Non-Staphylococcus aureus staphylococcal species (non-SASS) are important pathogens in both animal and human populations. The development of β-lactam resistance in non-SASS through acquisition and expression of penicillin-binding protein 2a (PBP2a) represents a significant clinical and public health threat.

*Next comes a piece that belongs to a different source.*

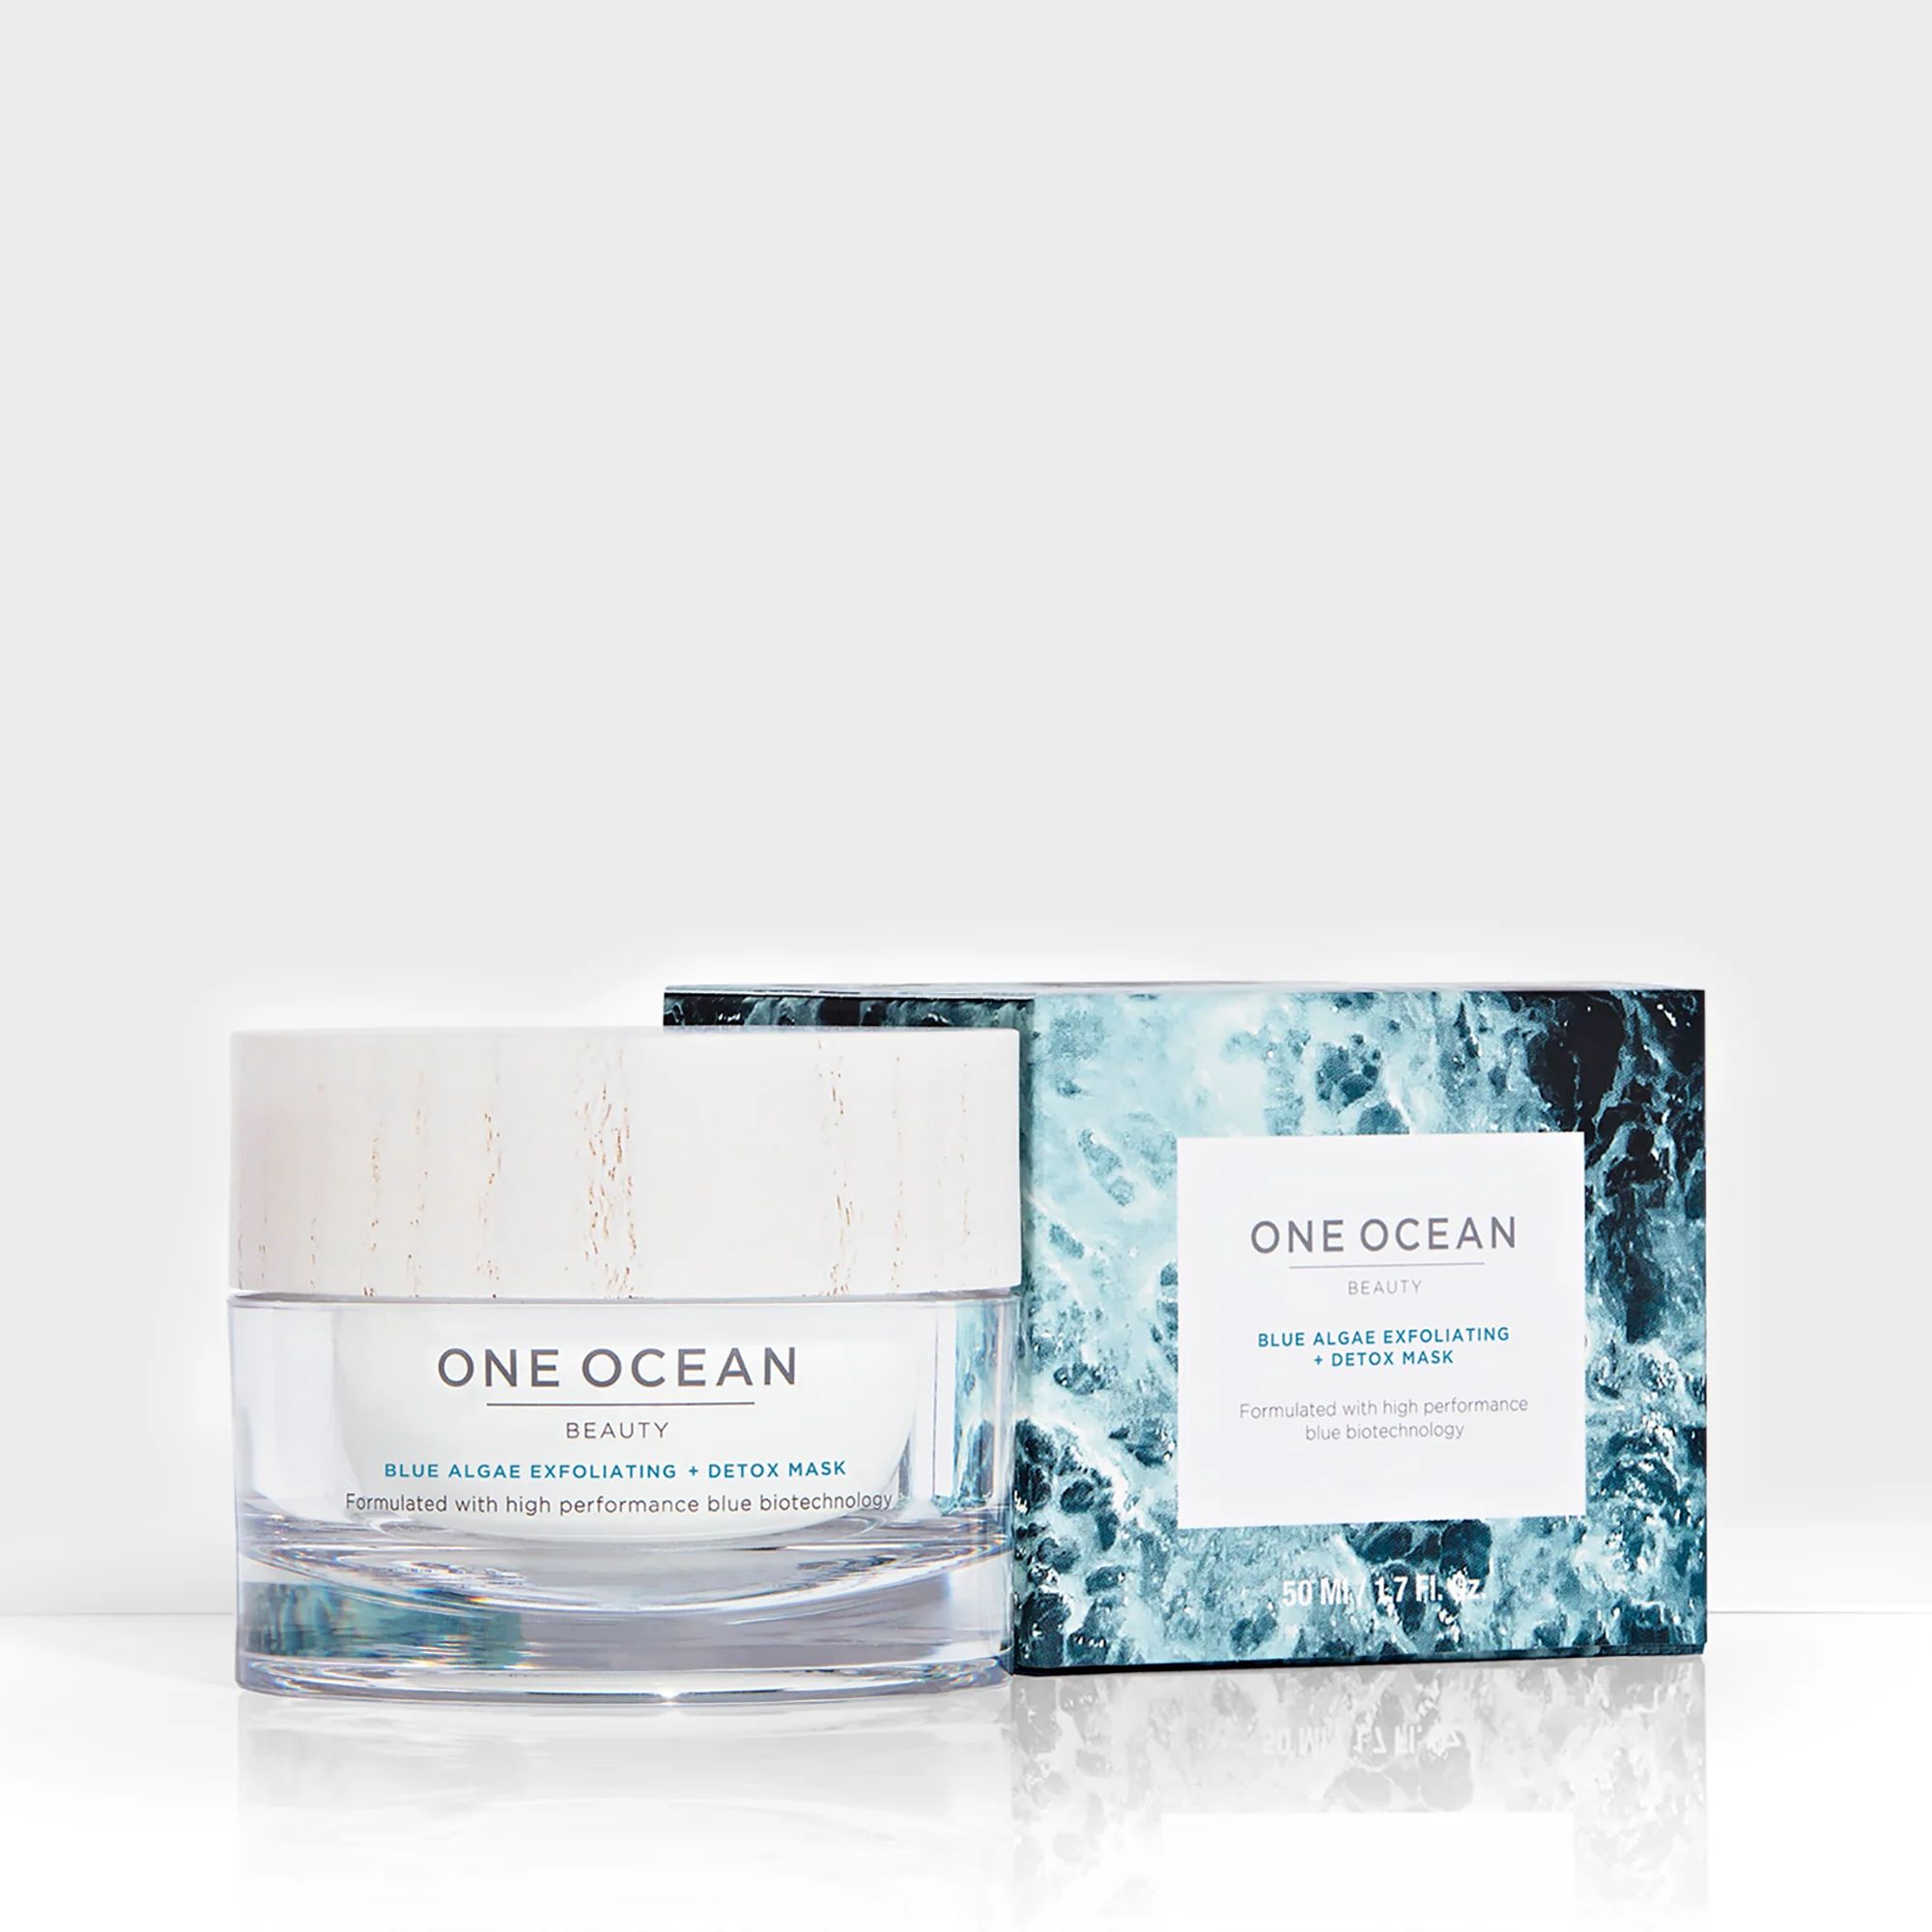 Blue Algae Exfoliating + Detox Mask | One Ocean Beauty

KEYWORDS: beta-lactam resistance, methicillin resistance, PBP2a, Staphylococcus
ABSTRACT
Non-Staphylococcus aureus staphylococcal species (non-SASS) are important pathogens in both animal and human populations. The development of β-lactam resistance in non-SASS through acquisition and expression of penicillin-binding protein 2a (PBP2a) represents a significant clinical and public health threat. Here, we evaluated the diagnostic performance of two versions of a PBP2a immunochromatographic assay with non-SASS. Our data show that the revised version of the assay, the PBP2a SA culture colony test, has superior diagnostic sensitivity compared to the previous version of the assay, the PBP2a culture colony test, 100% (95% confidence interval [CI], 93.3 to 100%) versus 67.9% (95% CI, 53.7 to 80.1%), respectively, while both assays display a specificity of 100% (95% CI, 92.5 to 100%). Therefore, the PBP2a SA culture colony test offers a rapid, accurate, and relatively inexpensive method for detecting PBP2a-mediated β-lactam resistance in clinically relevant non-SASS for the management of infections due to these organisms and for antimicrobial stewardship.
INTRODUCTION
Staphylococcus aureus is the primary pathogenic Staphylococcus species in human populations; however, other staphylococcal species can cause serious disease in both humans and animals (1). Several non-S. aureus staphylococcal species (non-SASS), e.g., Staphylococcus epidermidis and Staphylococcus haemolyticus, are notable nosocomial pathogens (1). In addition, Staphylococcus lugdunensis causes infectious endocarditis and skin and soft tissue infections (2, 3), while other species, especially members of the Staphylococcus intermedius group (notably Staphylococcus pseudintermedius), are significant animal pathogens (4).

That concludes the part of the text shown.